Now what? We’ll advise you to just ride along with the plan as usual. Google itself uses its parsing algorithms to determine whether a page you have qualifies for Featured Snippet usage, with no “opt-in” on your part. Therefore, there is no way to consciously avoid Featured Snippet usage without opting out specifically, and no known way to compose text so that it attracts the Featured Snippet faerie – beyond, of course, offering EAT-worthy content, which you should be doing anyway.

 

Upcoming Updates

Get ready for an update to Core Web Vitals!

Google’s Webmasters’ Blog announced that Core Web Vitals is the next search signal-ranking metric. This was posted May 28, 2020, as an “upcoming search ranking change,” so it’s only a question of when.

Core Web Vitals, for once, have nothing to do with on-page SEO. Instead, they’re about your website’s build and performance quality, as it impacts user experience.
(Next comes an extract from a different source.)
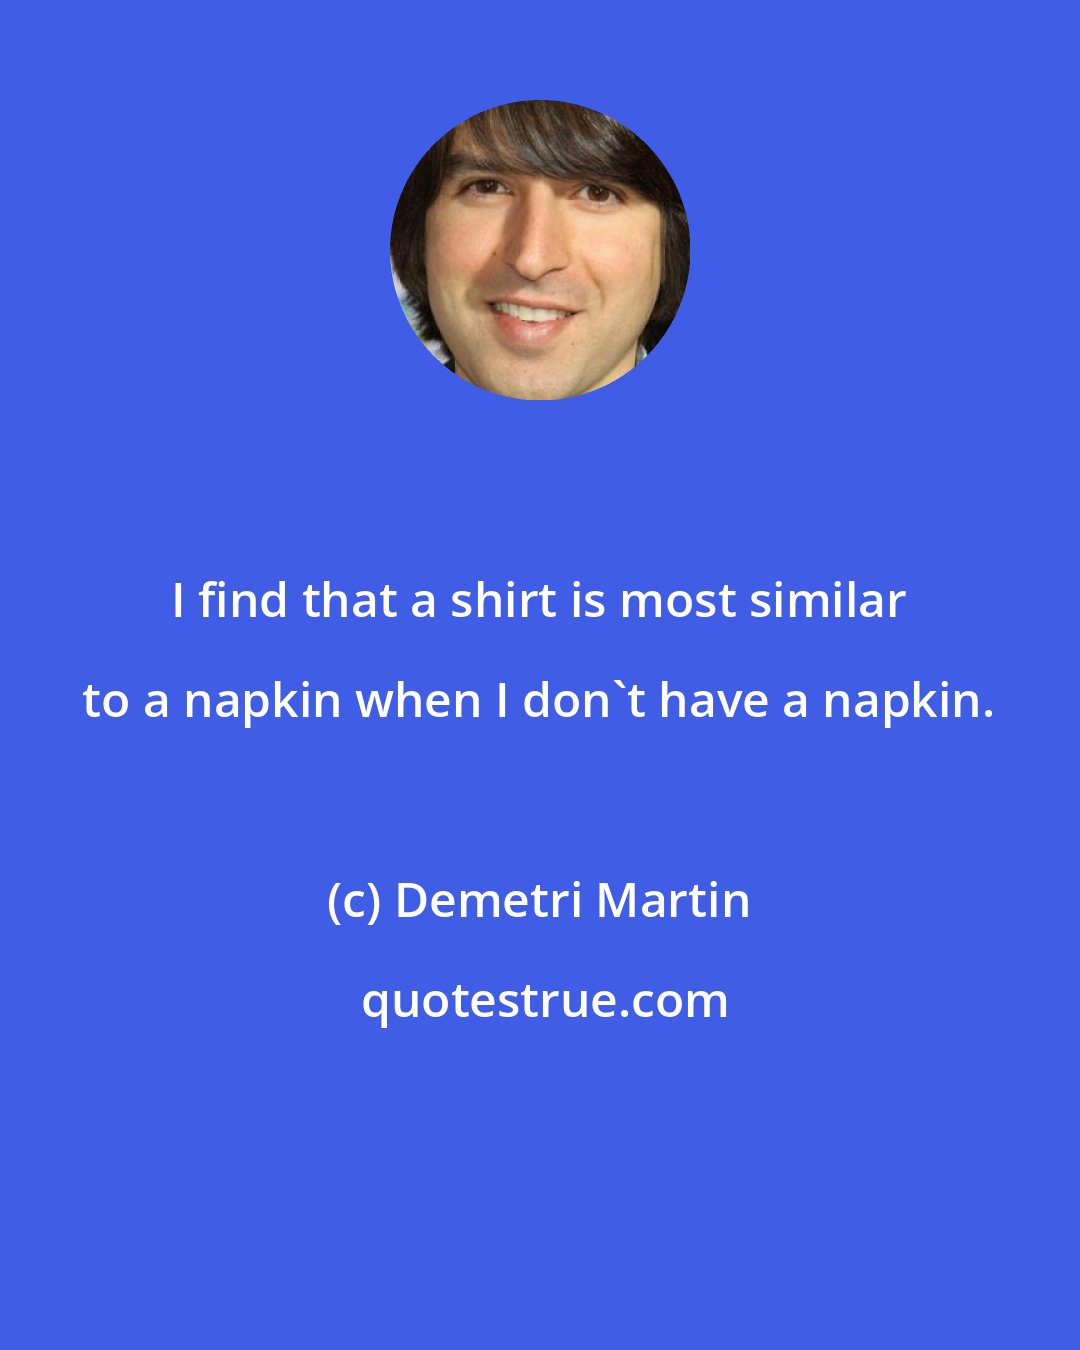 Demetri Martin: I find that a shirt is most similar to a napkin when I don't have a napkin.

Core Web Vitals will measure a host of website metrics that impact user page experience, such as:

  • Page load time
  • Mobile-friendliness
  • Interactivity
  • Page stability

Frankly, most of the recommendations indicated by Core Web Vitals are the type of website guidelines that everyone should have implemented already. Core Web Vitals has already implemented ranking a site based on HTTPS security, safe browsing, and other common-sense basics.
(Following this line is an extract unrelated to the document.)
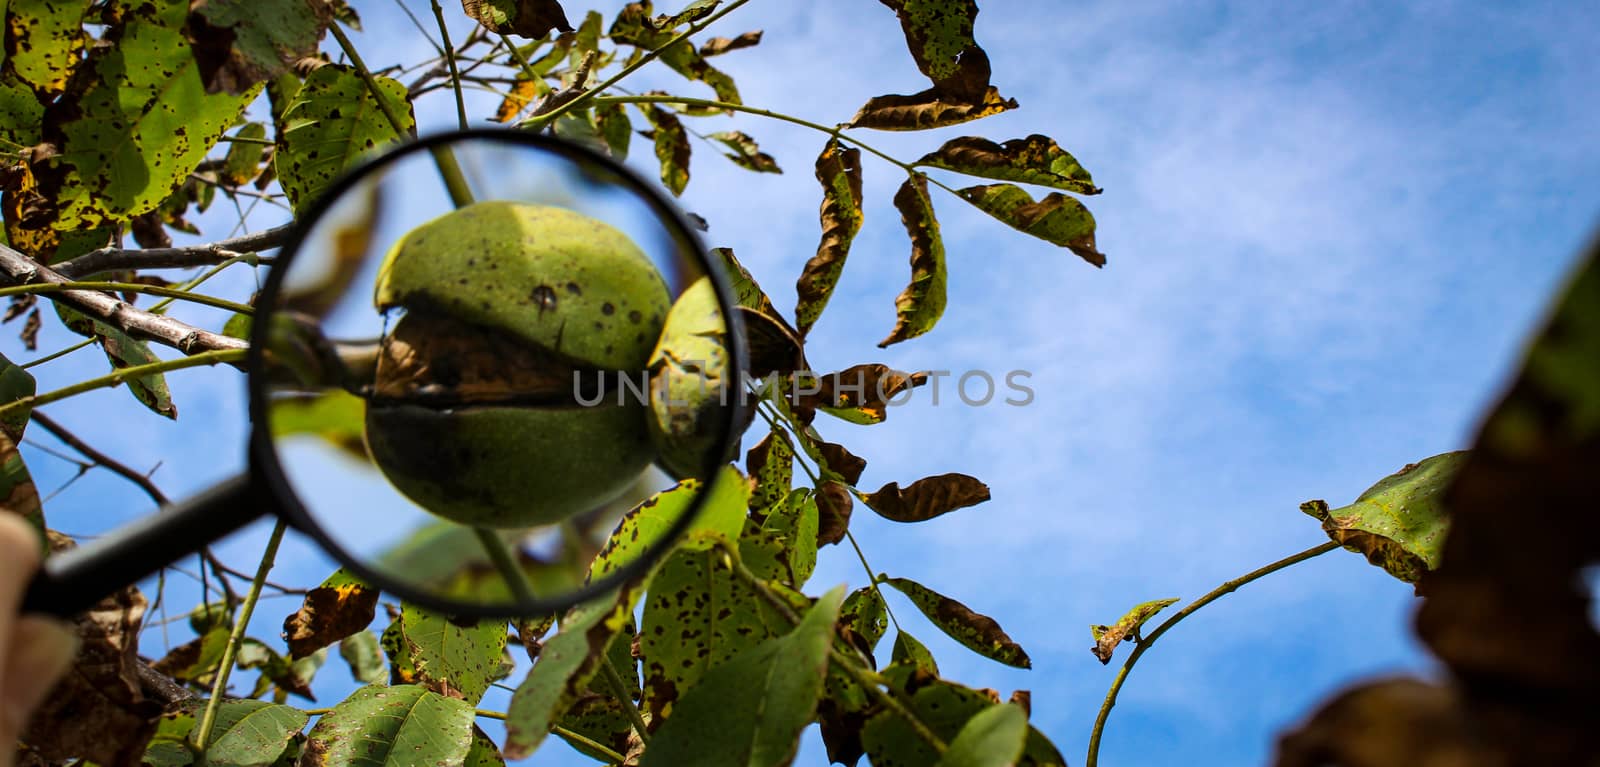 Walnut fruit banner magnified with a magnifying glass. Ripe walnut inside a cracked green shell on a branch with the sky in the background. Banner. Zavidovici, Bosnia and Herzegovina.

Do note that one specific example Google will be watching for is pages that load unevenly so that page elements shift around under the user’s pointer. They include a little video demonstrating what not to do here. That’s what they mean by “page stability.”

For the most part, website owners don’t need to do much about the update except to be sure their website software is up to date, and that their user experience isn’t insufferable. If you have been going this far with a slow-loading website that was last optimized for Internet Explorer 6.0 or something, you’re already far enough behind to just need a new website anyway.

 

How to Prepare Your Business and SEO Strategy for Future Algorithm Updates

To prepare for the future, let’s return to EAT, which we mentioned above. We’ll add another acronym, YMYL, and go over them together here:

EAT means “Expertise, Authoritativeness, Trustworthiness,” and is a guiding principle in determining page quality. However, that isn’t the most important ranking factor for some topics—there’s another factor you need to be aware of. Whether the EAT rating for a topic space is considered crucial enough is determined by YMYL for “your money or your life.” YMYL considers how serious the topic is and how much it can impact a reader’s happiness, health, safety, or financial stability.

So, let’s list some example websites in order of increasing YMYL score:

  • A review of a Marvel superhero movie
  • A news story about Brad Pitt breaking up with Angelina Jolie
  • An article on the income opportunities in opening a laundromat franchise
  • An article about cancer treatment research

As you can guess, the cancer article needs the highest EAT score. Google doesn’t want to send desperate patients to a website that shares quack medical advice. It wants to give those searchers the highest quality content it can find.

The laundromat business article isn’t really a life-and-death matter, but we still want a fairly good authority telling us how to invest our life savings.

The celebrity gossip fluff is almost, but not quite, inconsequential. Celebrities are still people and we don’t want to spread nasty, unfounded rumors about them.

The movie review is dead last in consideration. One person’s opinion about a movie has very low stakes appended.

Use this information to help you decide how much time you want to spend buffing up your page and website EAT factor. Of course, everyone wants a high degree of respect from the web audience and Google itself. You should always strive for the best website quality, at least to the level where people aren’t booing you.

As far as on-page SEO goes: the days when we followed mechanical keyword-density formulas are so far gone, they’re ancient history. Talk to people on the web the same way you talk to your friends and business associates. Google is depending on us to share our thoughts in the clearest, most conversational way to unite all of us in our continuing quest for information transparency.